Ooo...did they Darrenize Denzel's character for the sequel?
Thankfully, no. Today's Sametime Status is simply pointing out that I'm back in that training class I had a couple weeks ago.
Jeremy failed miserably.
Actually, Jeremy passed with a 97.06%...only missed part of one multiple-answer question which was bunk anyway. This particular course is divided into two parts, and now we're in Part II. Therefore, it's Training Day...and the 4th one. Pretty simple.
Speaking of lousy sequels and reboots...I got a chance to see the new remake of "Footloose" not long ago. Regrettably, I did not turn down that chance.
Even with lousy movies, the director will often get something right, often by sheer happenstance. In the case of Craig Brewer's remake of the 1984...well...I hesitate to use the word "classic" but whatever...the only thing he managed to get right was to use Kenny Loggins' original song as the opening theme. This is pretty sad, since all he had to do was directly copy the movie he was copying, but he pulled it off admirably! After that, it was pretty much downhill.
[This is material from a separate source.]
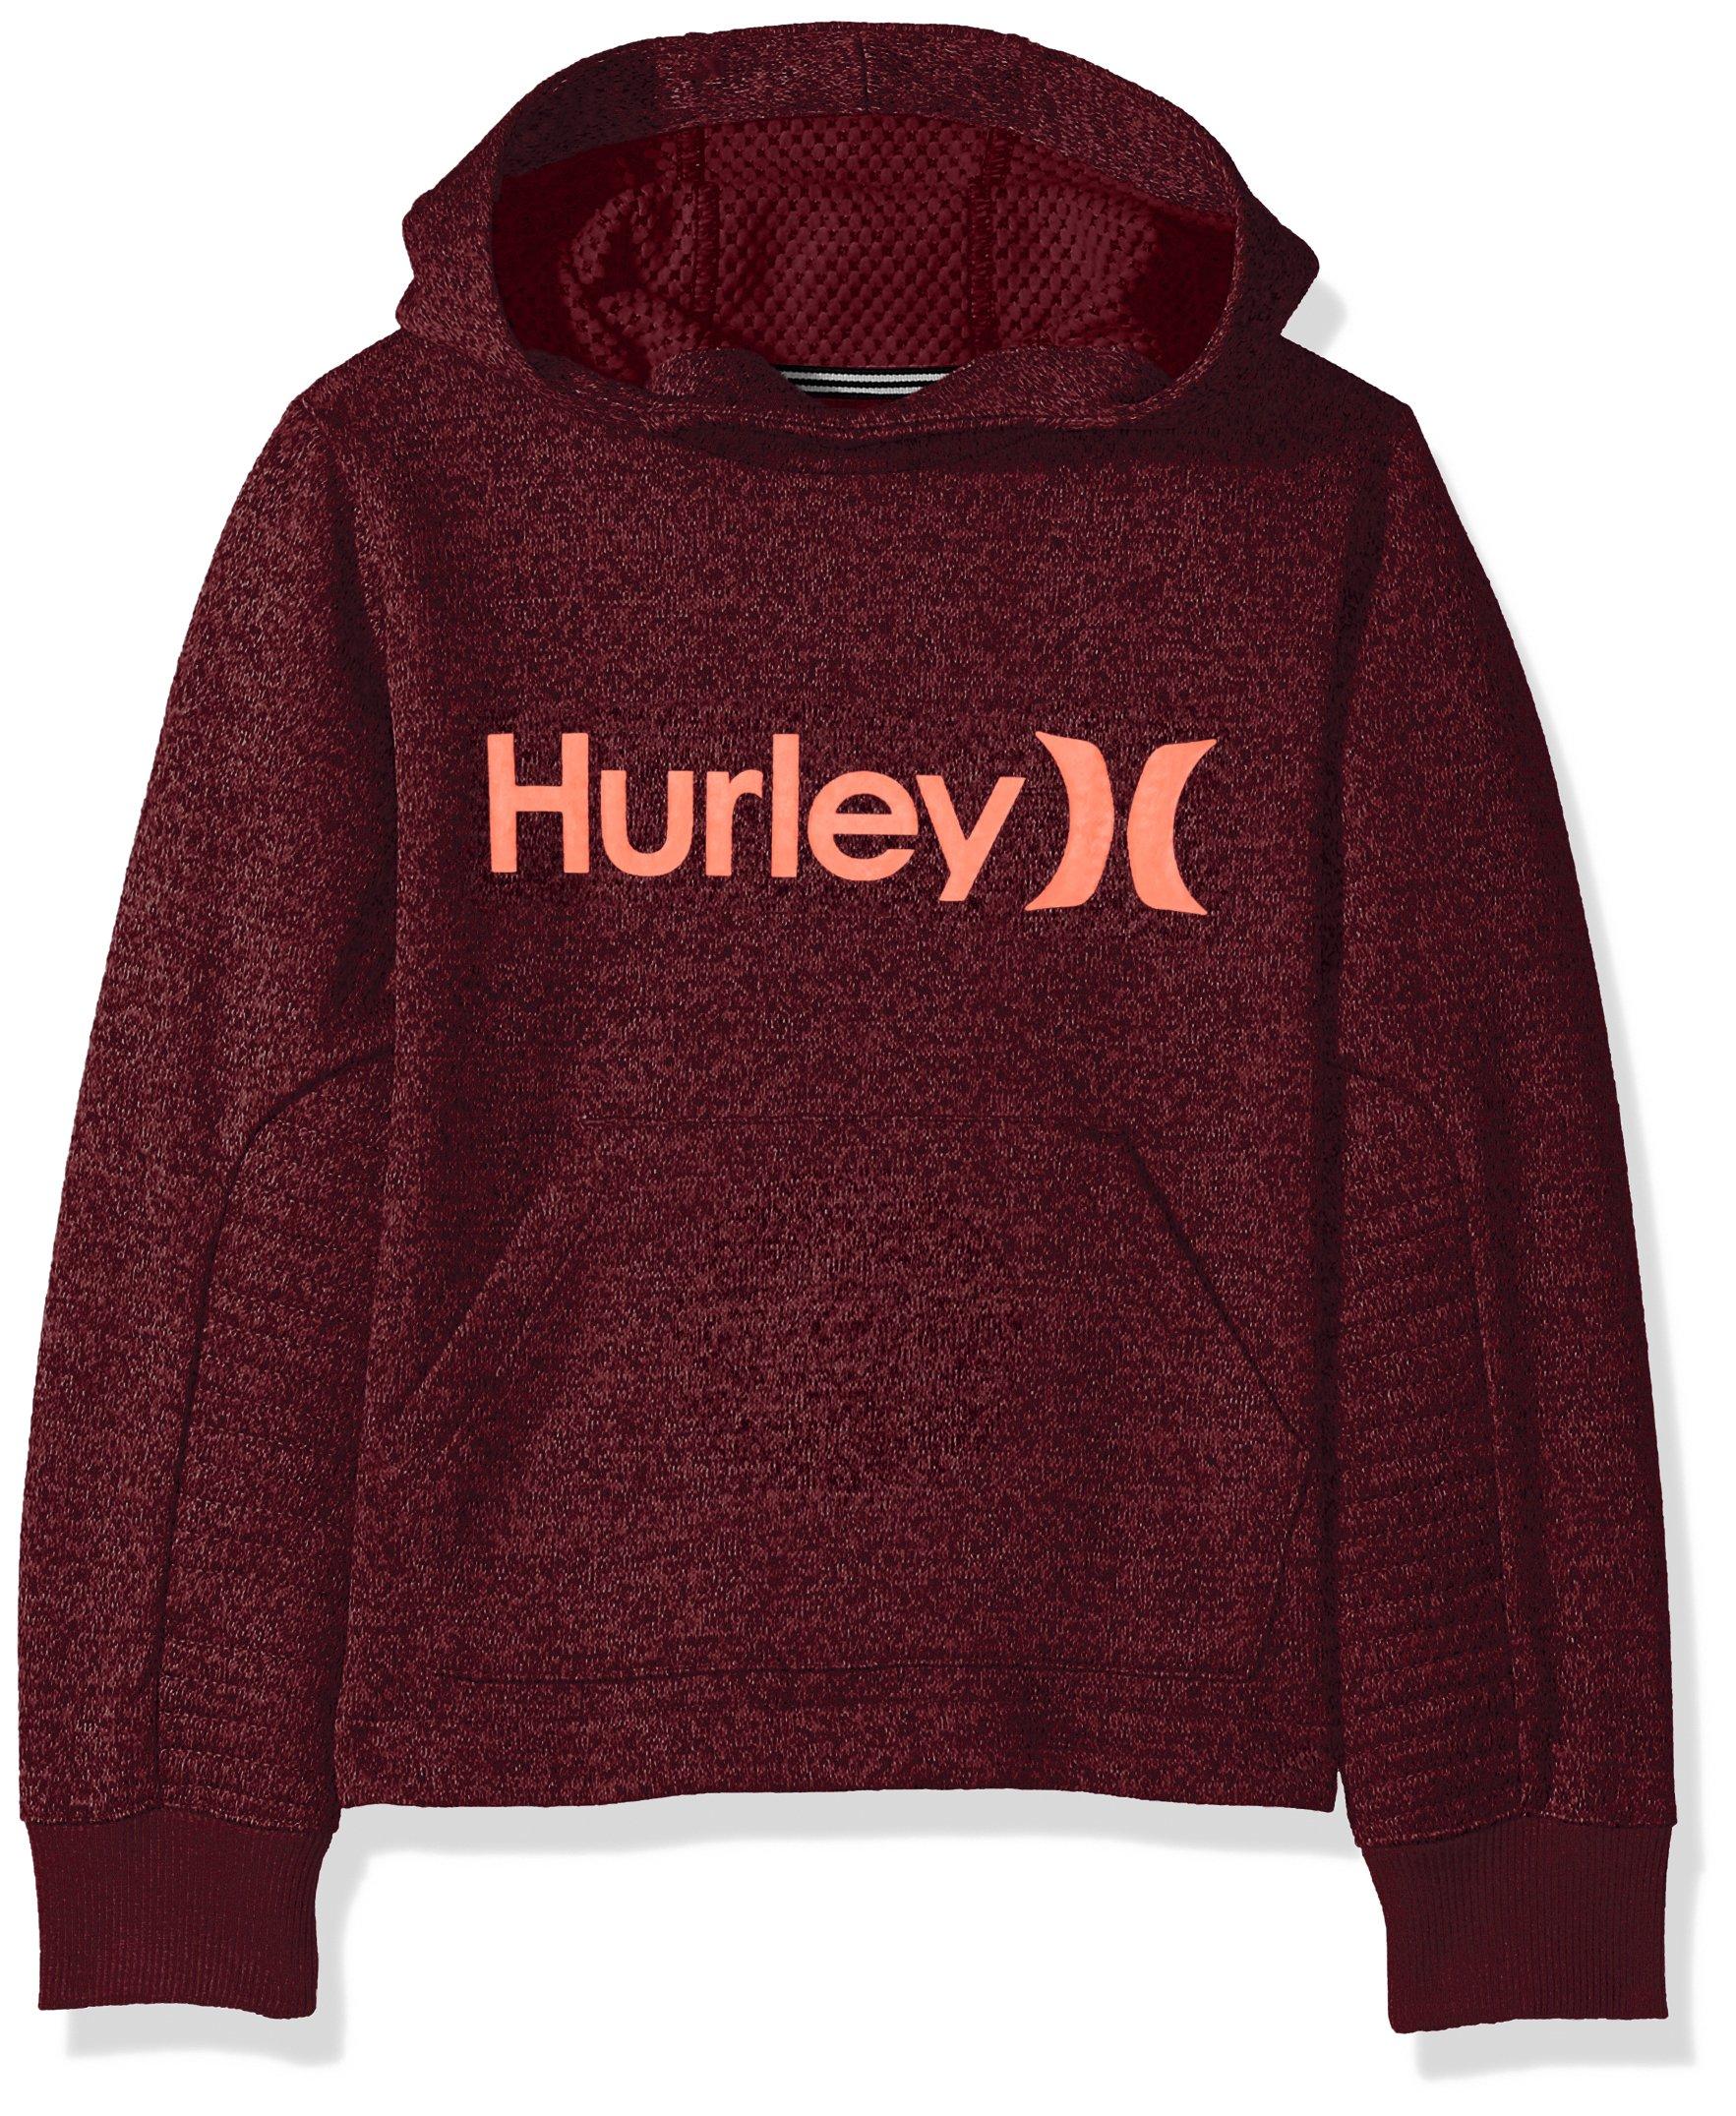 Hurley Boys' Toddler Pullover Hoodie, Deep Garnet Heather 3T
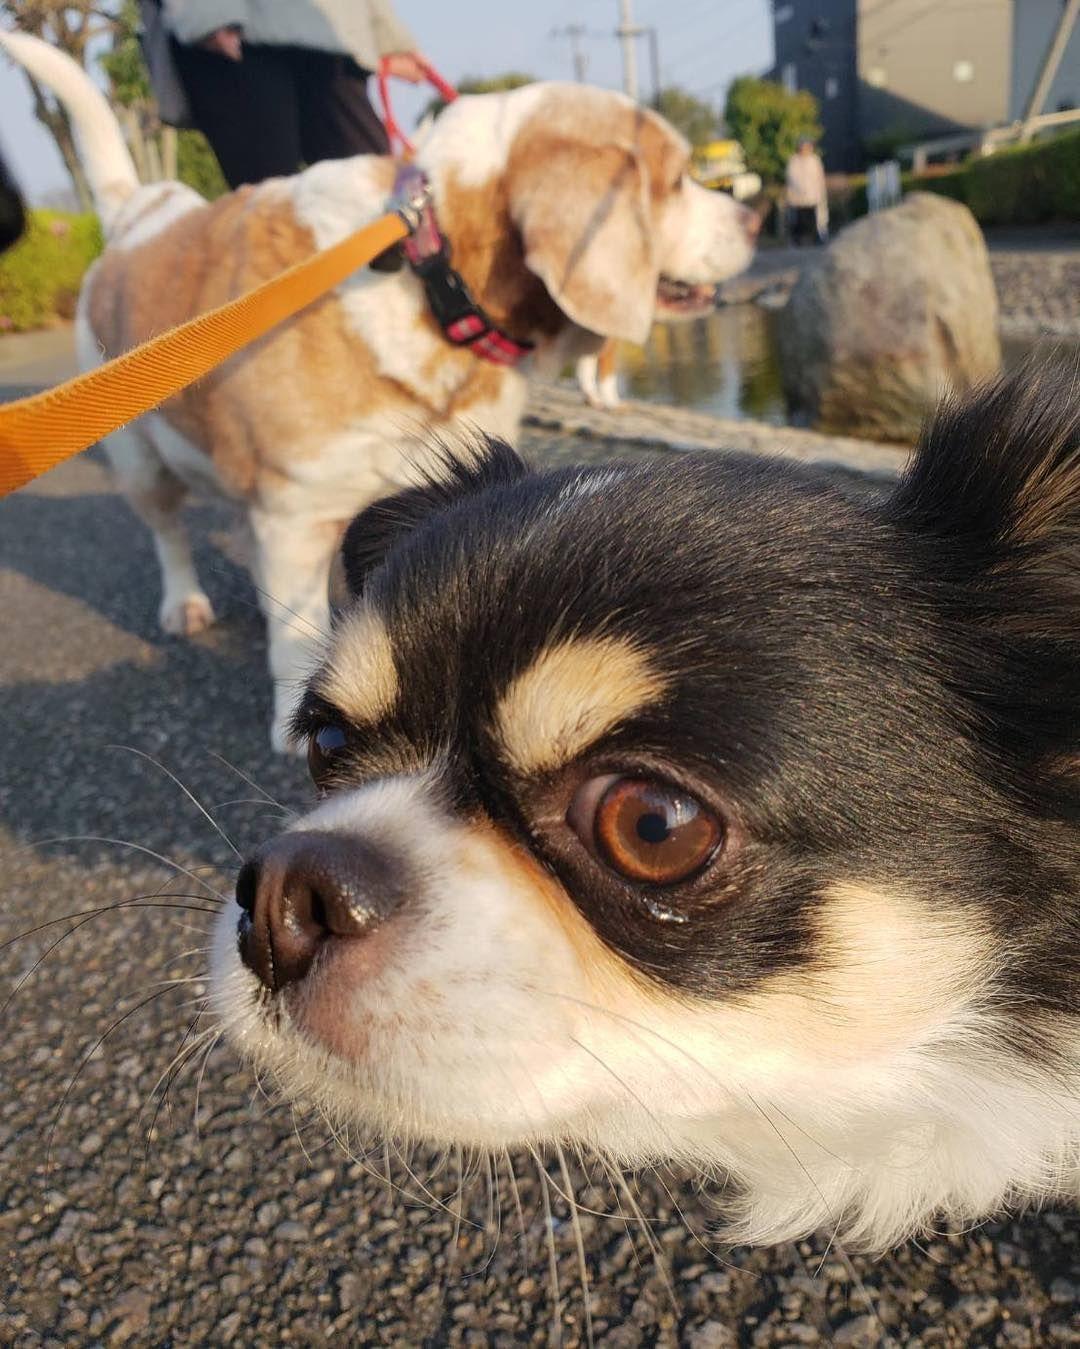 Watch The Best Youtube Videos Online 散歩中に会ったお友達です 散歩 友達 チワワ 愛犬 犬 わんこ 動物 ペット 家族 後田川緑道公園 宮崎 九州 日本 Walk Walking Chihuahua Beagle Lemonbeagle Dog Animals Dogs

Let's ignore the completely implausible and dated plot (dancing is outlawed by an over-reactively conservative city council until a reckless youth leads a spirited rebellion in order to free himself and nail the preacher's daughter), lousy script, and atrocious acting for the time being and focus on the car. A car that's been sitting in a barn for an undetermined amount of time, but long enough to have a thick layer of dust won't simply start right up by putting in a battery. Usually there's some kind of gas involved...maybe some oil...and it often helps if the car is less than 40 years old. Even if we ignore that, the car stereo which barely has enough power to drive the speakers built into the car will apparently become an ear-shattering, disturbing-the-peace-ticket-inducing pinnacle of mobile audio simply by connecting it via a single wire to a carnival loudspeaker. Remarkable!
I'm also not sure how many people out there who take out their frustrations with the world by dancing around an abandoned factory, swinging on rusty chains and breaking windows before falling on the ground laughing, but apparently, this is a perfectly viable means of escape. And if you find you're having trouble agreeing with somebody, by all means, settle your differences by driving old school buses around a figure-8 demolition derby. That will show everyone who's boss. Just don't ask where you're supposed to procure a fleet of customized used school buses.
Oh yeah...I would be completely and thoroughly remiss if I failed to mention the horrifyingly awful cover of Bonnie Tyler's "Holding Out For A Hero" that was spewed upon the world by Ella Mae Bowen. Sweet merciful crap, that was terrible.
Before we went to see this shameless, lousy, money-grab masquerading as a movie, we were alerted to a critical review that suggested the film would be a better experience if you were intoxicated upon entering the theatre (I Am Not Making This Up). Unfortunately for that author, all I can offer is that it doesn't help enough. Footloose (2011) is pure junk.